In 1972, the Flying Scotsman concluded its American tour by shuttling back and forth on a stretch of track adjacent to the Embarcadero and near Fisherman's Wharf. Its owner, Alan Pegler, ran out of funds and the Flying Scotsman spent most of 1972 stored at an army base in Stockton, California.

In November 1975, the American Freedom Train, pulled by former Southern Pacific locomotive No. 4449, visited San Francisco. For public viewing, the train's cars were switched to the Presidio by the Belt line.
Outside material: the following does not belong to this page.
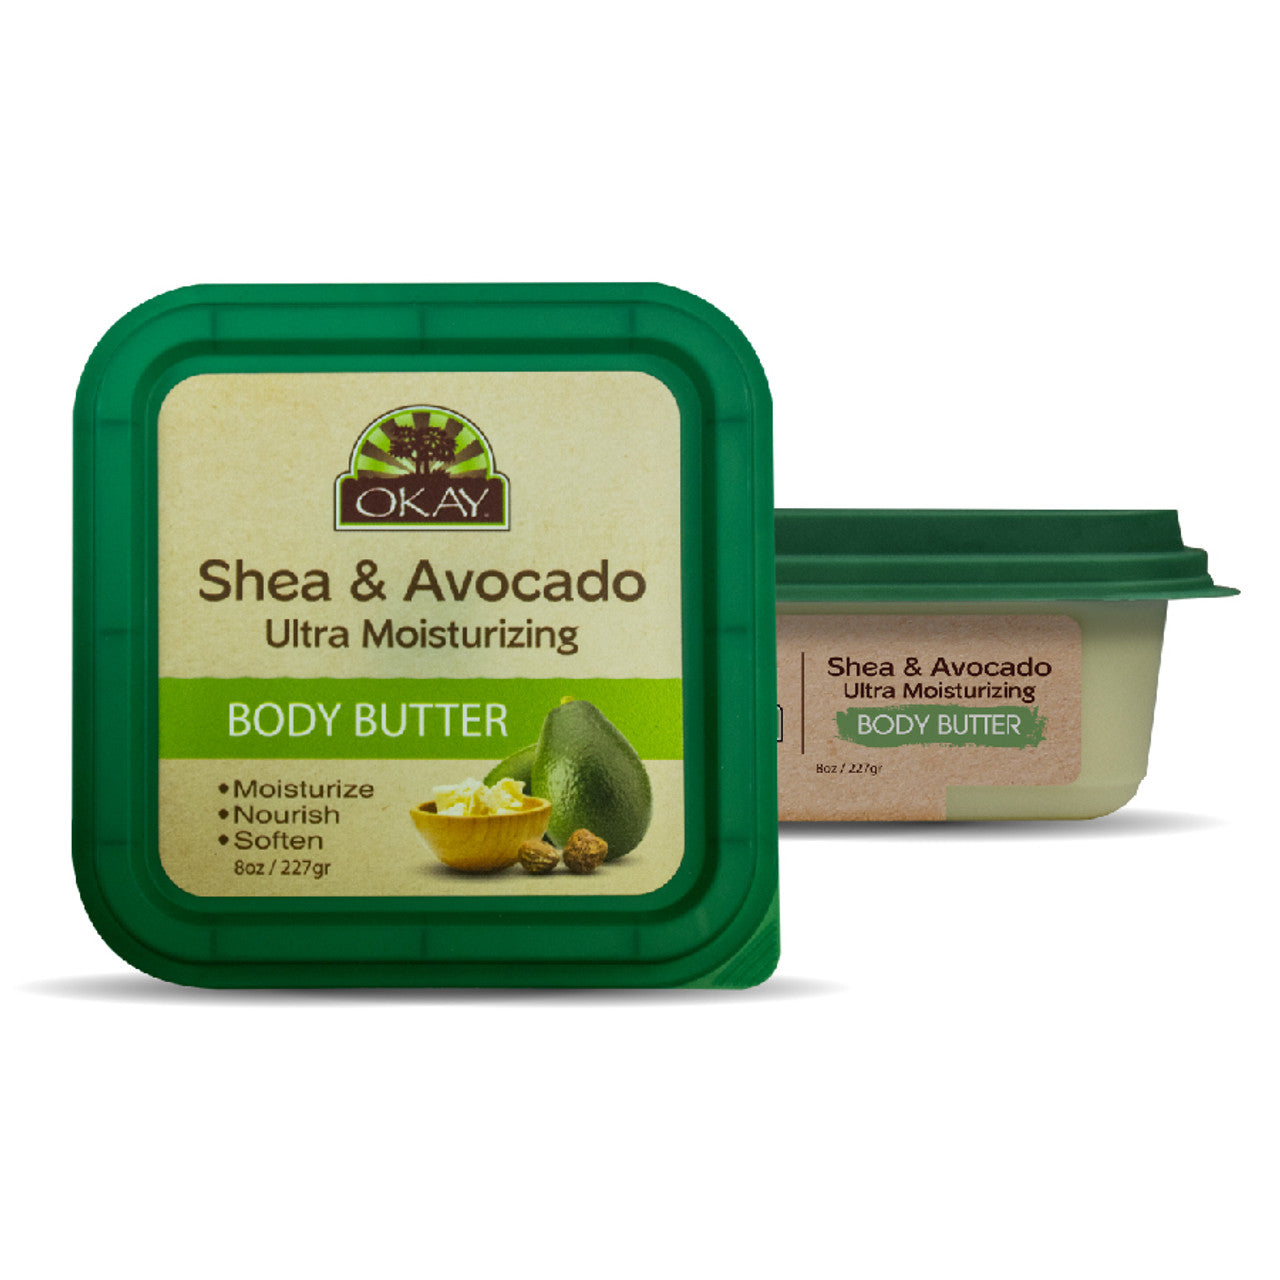 Okay Pure Naturals Shea & Avocado Ultra Moisturizing Body Butter 7oz
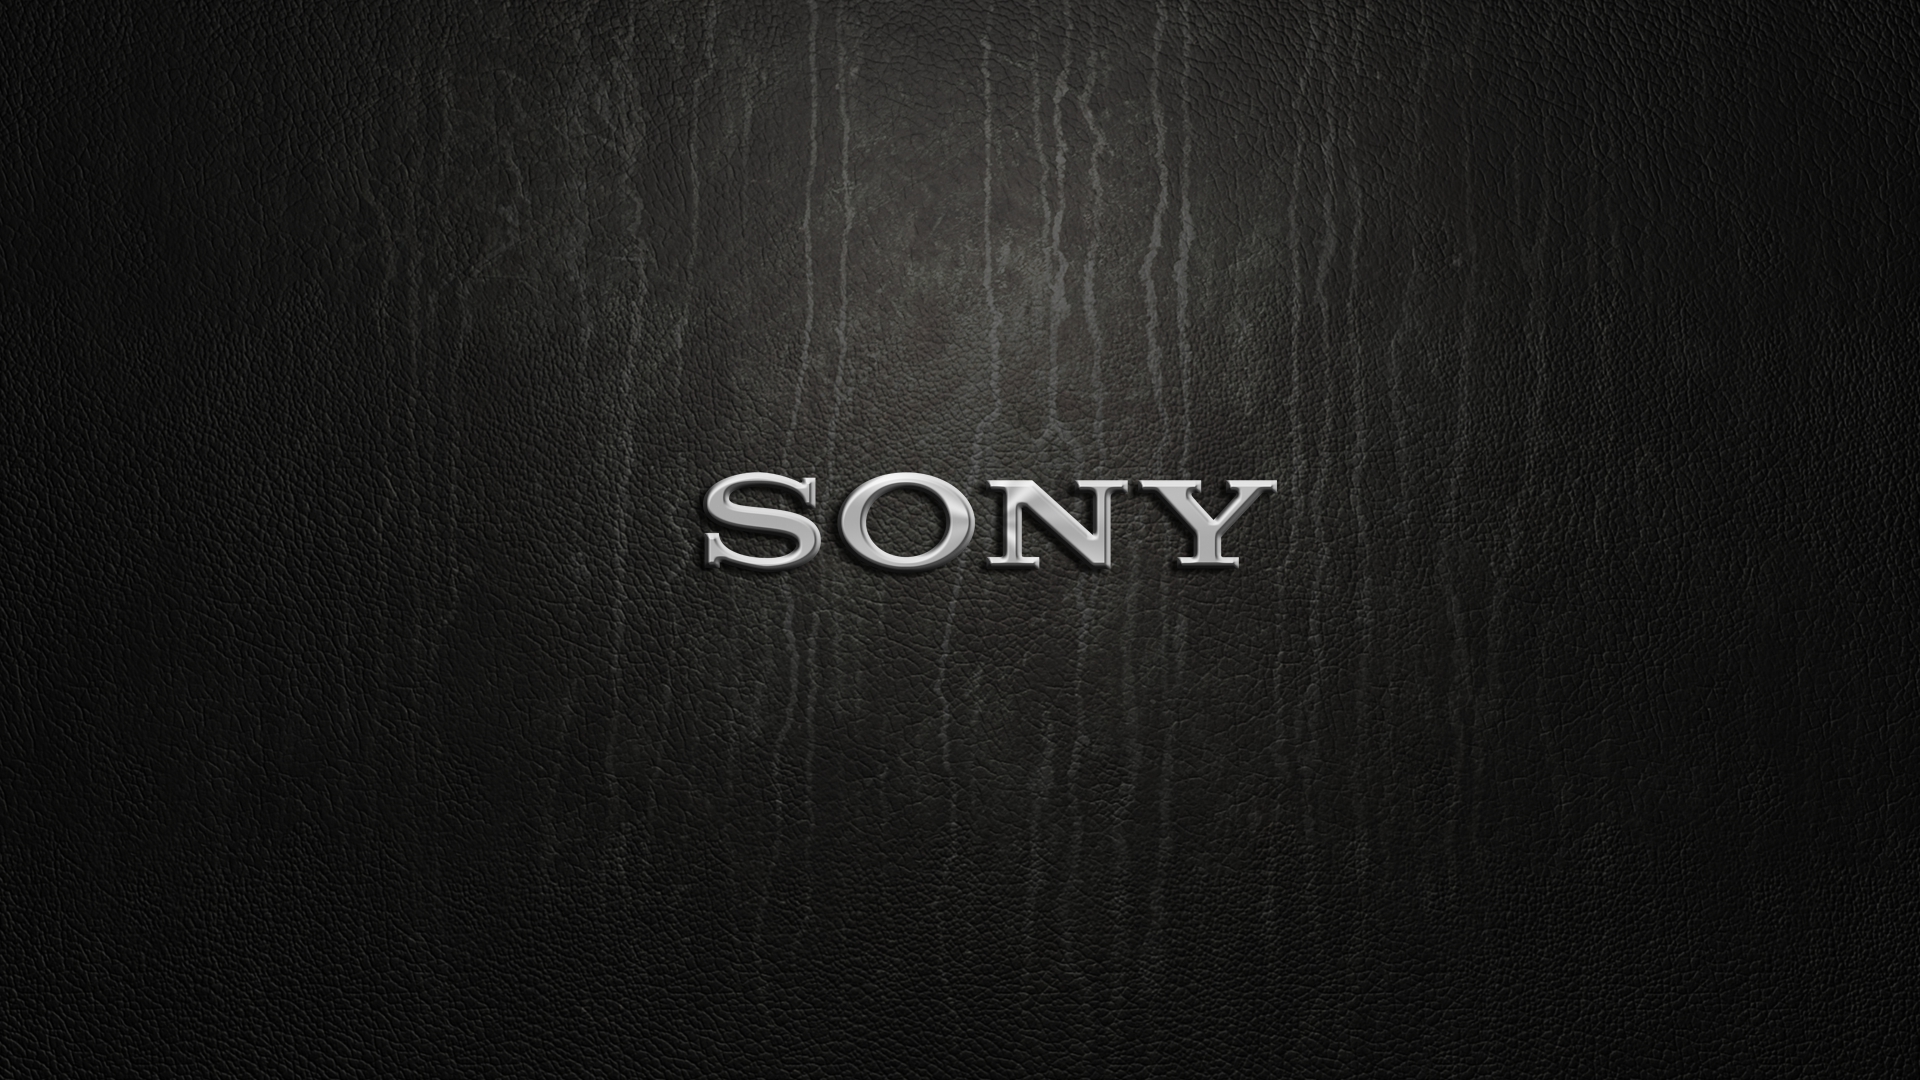 Sony HD Wallpapers

No. 4449 itself remained on display at Aquatic Park near the foot of Hyde Street.

In March 1977, Canadian Pacific Royal Hudson No. 2860 visited the State Belt while heading to Los Angeles.

In 1987, the tracks along the Embarcadero just south of Sansome Street hosted Railfair ’87. Diesel and steam locomotives, including V&T's J.W. Bowker (a 2-4-0 locomotive), were on display.

==Steam Locomotive #4==

Currently, locomotive #4 is being restored by the San Francisco Trains group, with larger plans to change the old Bayshore Roundhouse, originally owned by Southern Pacific, to a historic community destination. Due to work on the Roundhouse, it has been listed on the National Register of Historic Places.